Nasza Loteria SR - pasek na kartach artykułów

Wielkie inwestycje w małych lubuskich wioskach

Redakcja
W niewielkiej wsi Wierzbnica reaktywował się niedawno klub piłkarski. Gmina chce zbudować więc tam nowe boisko do gry.
W niewielkiej wsi Wierzbnica reaktywował się niedawno klub piłkarski. Gmina chce zbudować więc tam nowe boisko do gry. arch. Filip Pobihuszka
Gmina Bytom Odrzański przygotowuje się na nowe rozdanie unijnych pieniędzy. Planów jest sporo, chodzi m.in. o budowę nowego boiska i świetlicy.

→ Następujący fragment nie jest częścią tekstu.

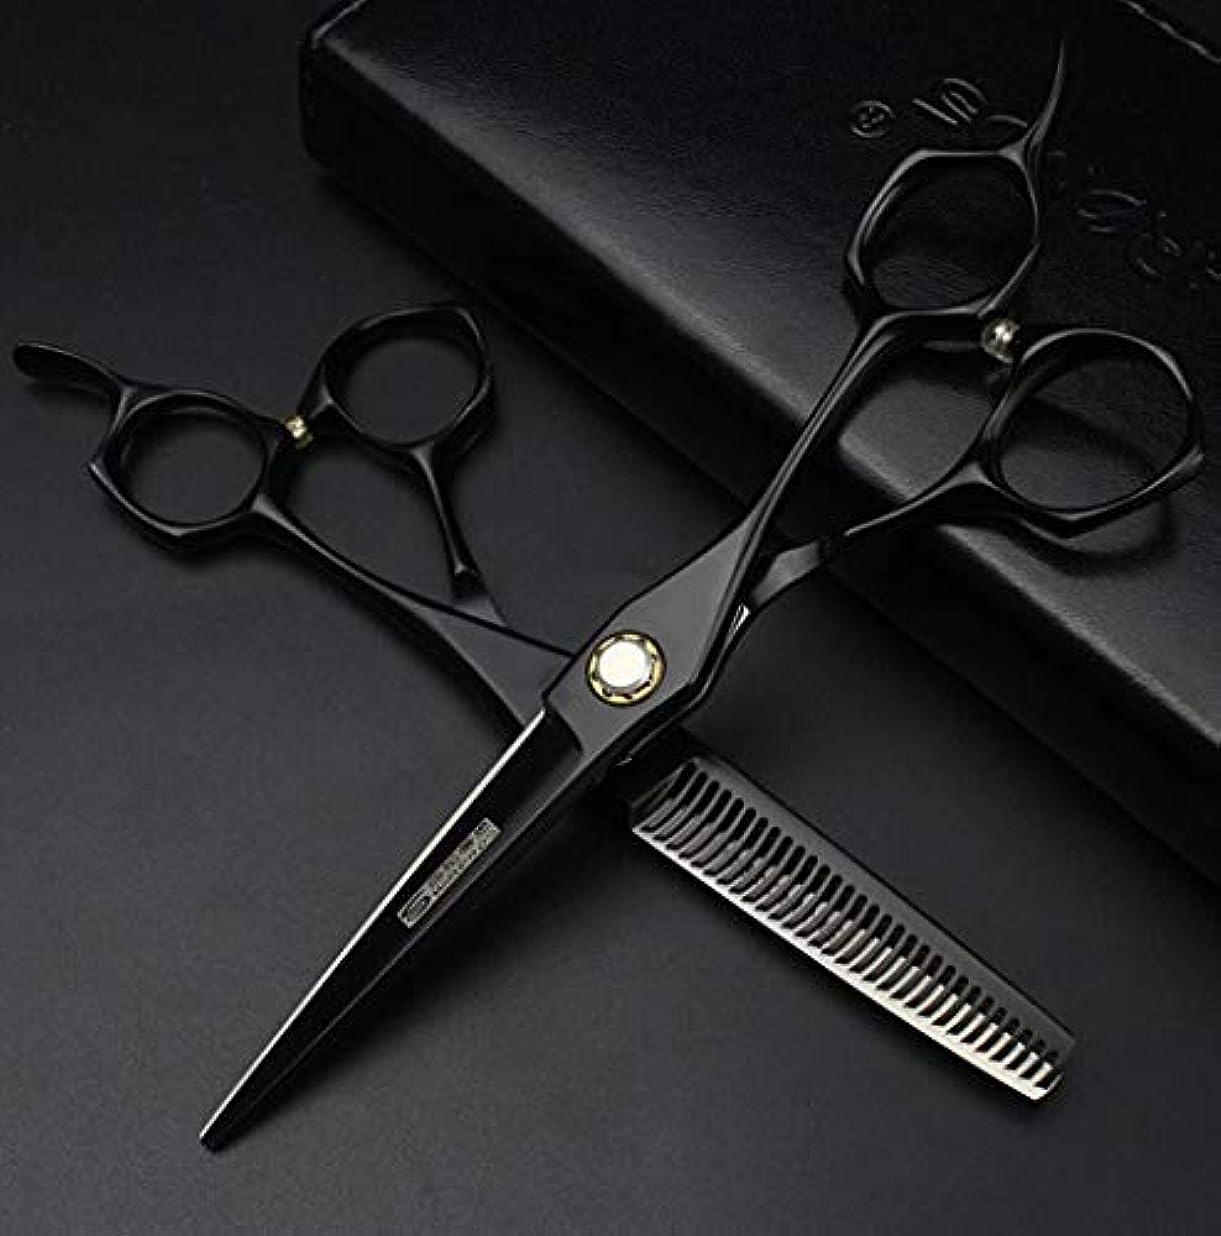 洗練モッキンバード金属6.0インチプロフェッショナル理髪はさみサロン美容院ヘアトリムとカット間伐440c高硬度はさみ

- Aż sam byłem ciekawy co moi mieszkańcy wymyślą - uśmiecha się burmistrz Jacek Sauter, który poprosił kilka miesięcy temu wszystkie swoje sołectwa o to, aby przygotowały tzw. "listę życzeń” odnośnie planowanych inwestycji na wsiach. - Nigdy wcześniej tego nie robiłem, bo generalnie jestem wrogiem rozbudzania nadziei. Bo sam pan wie, jak to jest. Najpierw zapytam pana, czy chce pan dostać mercedesa czy rolls-royca, a ostatecznie nie dostanie pan nawet roweru - opowiada burmistrz. W związku z tym, że najbliższe rozdanie unijnych pieniędzy ma być już jednak ostatnim dla Polski, włodarz postanowił wspomnianą listę stworzyć.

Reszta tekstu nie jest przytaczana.